L’equipaggio di un peschereccio operante in acque costiere ha fatto un ritrovamento insolito che ha lasciato perplessi persino i marinai più esperti. Invece del consueto pescato, le reti hanno portato a bordo una piccola custodia impermeabile, all’interno della quale si trovava una comune chiavetta USB. Ciò che è stato estratto da questo supporto apparentemente insignificante ha fatto parlare di sé non solo le redazioni locali, ma anche esperti del mondo culturale in tutto il mondo.
Secondo il capitano del peschereccio, che ha voluto mantenere l’anonimato, il ritrovamento è avvenuto per caso. Le reti si erano impigliate in un oggetto estraneo a una profondità di circa 15 metri. Una volta portato a bordo, i pescatori hanno scoperto un contenitore stagno ricoperto da un sottile strato di alghe e conchiglie. All’interno, avvolta in diversi strati di materiale protettivo, c’era una normale chiavetta USB con involucro in gomma. La curiosità ebbe la meglio e, una volta tornati a terra, gli uomini decisero di verificare cosa fosse conservato in quell’insolito “pescato”.
I primi minuti di visione del contenuto lasciarono i pescatori senza parole.

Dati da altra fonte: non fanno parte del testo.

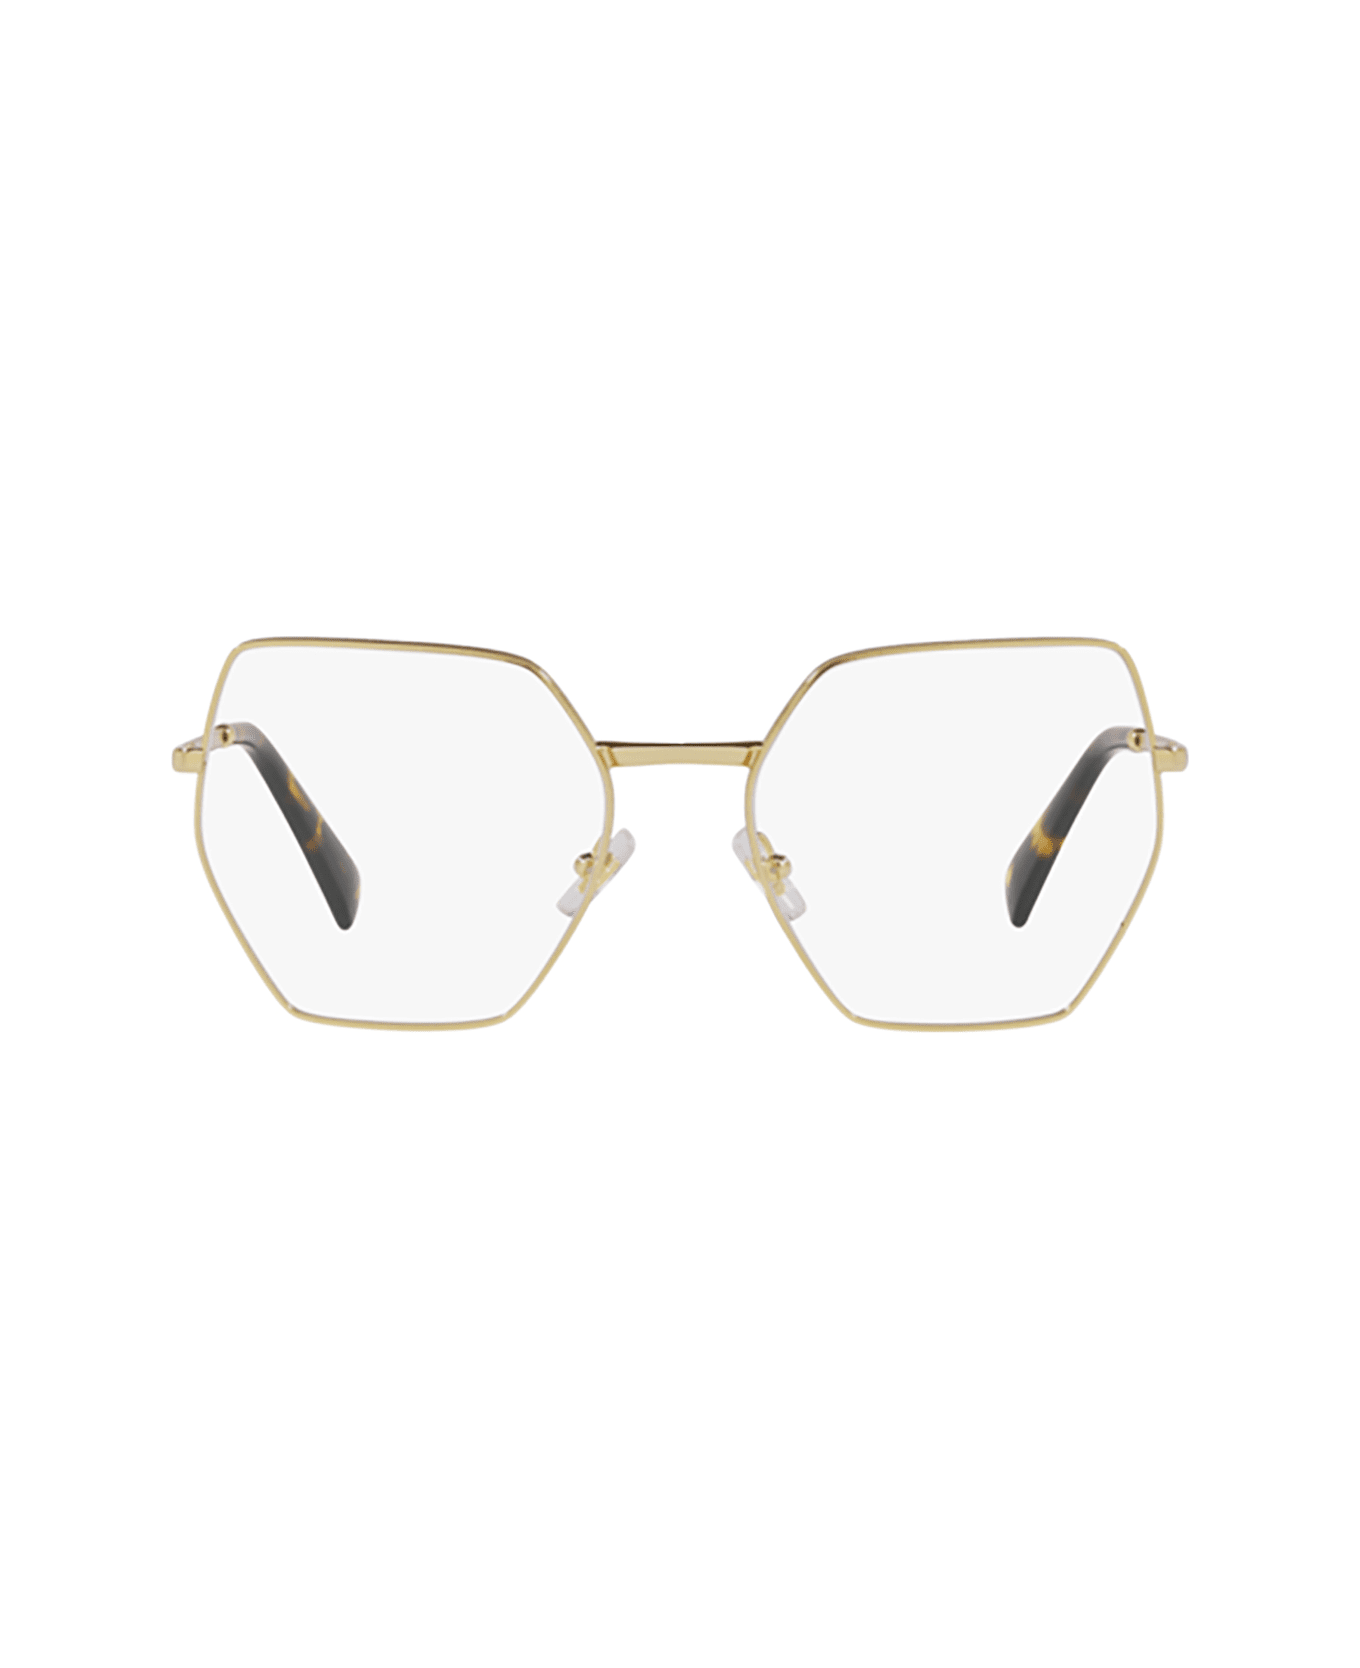 Miu Miu Eyewear Mu 50vv Gold Glasses - Gold

Invece dei file di lavoro o delle registrazioni casuali che si aspettavano, sulla chiavetta trovarono un ampio archivio: scansioni di dipinti, fotografie di sculture, copie digitali di incisioni e manoscritti. Tra questi furono riconosciute opere che, secondo i dati ufficiali, erano considerate perdute già a metà del XX secolo. I pescatori contattarono immediatamente la polizia, che coinvolse nell’esame esperti d’arte e di tecnologia digitale.
Gli esperti hanno confermato che i file scoperti contengono immagini ad alta risoluzione di opere d’arte scomparse durante la Seconda Guerra Mondiale. Si tratta di tele che storici dell’arte e collezionisti privati di tutto il mondo avevano cercato per decenni. Secondo un’ipotesi preliminare, la chiavetta potrebbe essere stata parte di un archivio creato a fini assicurativi o di inventario, finita poi per ragioni sconosciute sul fondo del mare. Gli specialisti sottolineano che il valore unico del ritrovamento non risiede nel valore materiale del supporto stesso, ma nel fatto che esso fornisce la chiave per ricostruire le sorti di beni culturali ritenuti irrimediabilmente perduti.
Il supporto digitale è stato attualmente sequestrato per essere sottoposto a una perizia tecnica dettagliata. Le autorità stanno indagando sull’origine della chiavetta e sulle circostanze in cui è finita in acqua. Per gli storici dell’arte e i ricercatori, questo caso è già diventato una vera e propria sensazione: dimostra che, persino nell’era digitale, le testimonianze più importanti della storia possono conservarsi nei luoghi più inaspettati e attendere il loro momento sul fondo del mare.